Ma Jun said that in terms of his shareholding ratio, shareholding time, the process of submitting the proposal and the rationality of the proposal, they are in line with the rules of listed companies, and several directors who voted against obviously exceed the authority of the board of directors. “In terms of process, they should not vote against this board of directors, but at the extraordinary general meeting of shareholders.”

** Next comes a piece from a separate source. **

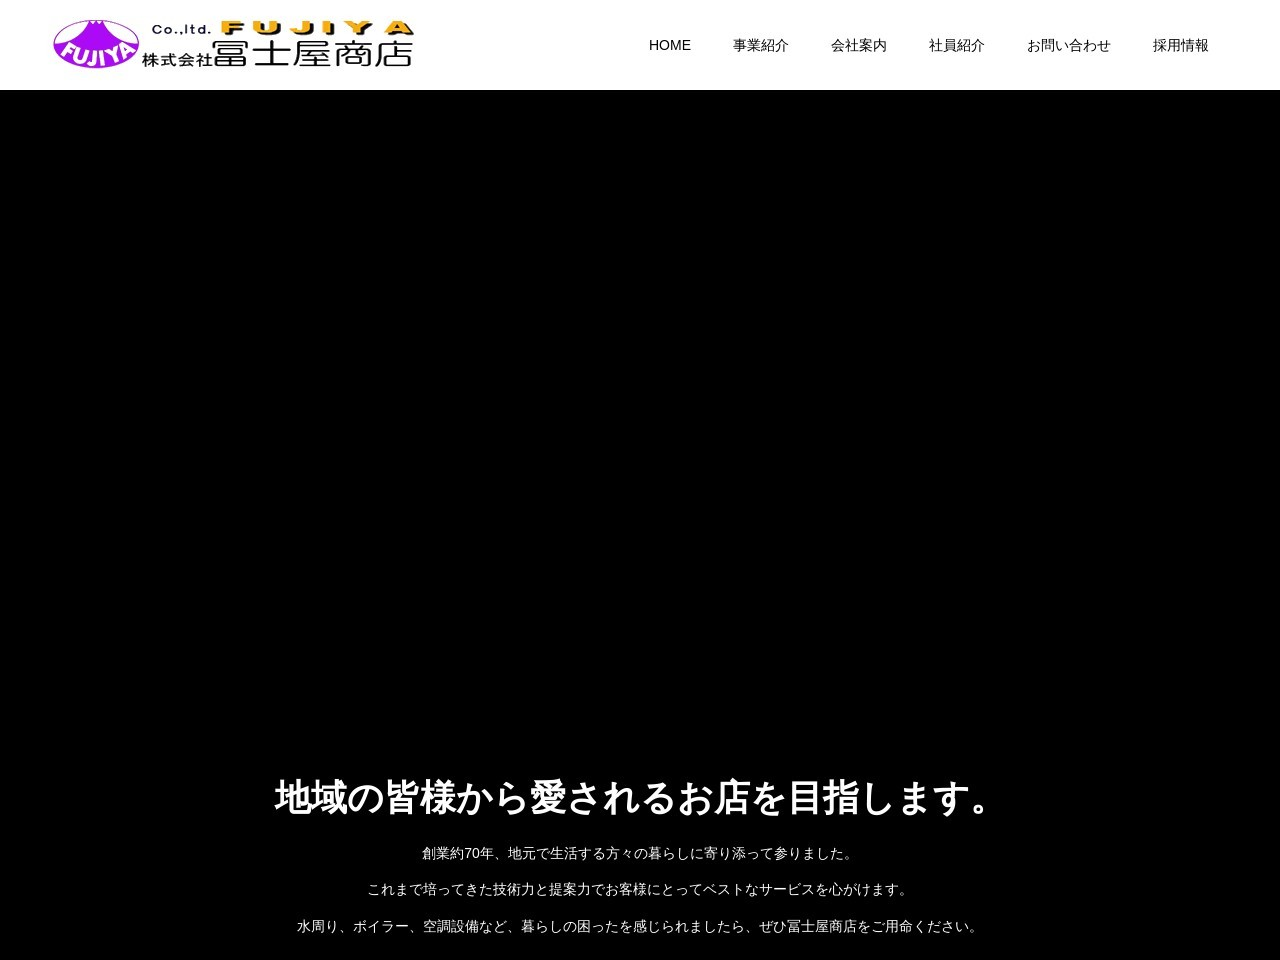 株式会社冨士屋商店可児営業所

At the same time, Ma Jun believes that the opposition of the board of directors “controlled” by Shen Dongjun to his proposal can not prevent the process of convening the extraordinary general meeting of shareholders. Even if the board of supervisors does not agree, as a shareholder who individually or jointly holds more than 10% of the shares of Leysen Jewelry Inc(603900) for more than 90 consecutive days, he still has the right to convene and preside over the general meeting of shareholders on his own.
However, Ma Jun is worried that even if the board of supervisors agrees to his proposal to convene an extraordinary general meeting of shareholders, it is likely to have a serious impact on the operation of Leysen Jewelry Inc(603900) if it places the meeting in the last few days of the specified period, that is, before February 21.
“We are a jewelry company. Generally speaking, new year’s day, Spring Festival and Valentine’s day are the peak purchase and sales season. If we miss these 60 days, it is difficult to make up for the loss.” Ma Jun said he hopes listed companies can end the chaos and return to normal operation and management as soon as possible.
In response to Ma Jun’s statement, on December 18, the reporter also requested an interview with Leysen Jewelry Inc(603900) Secretary of the board of directors, but there was no response at the time of publishing.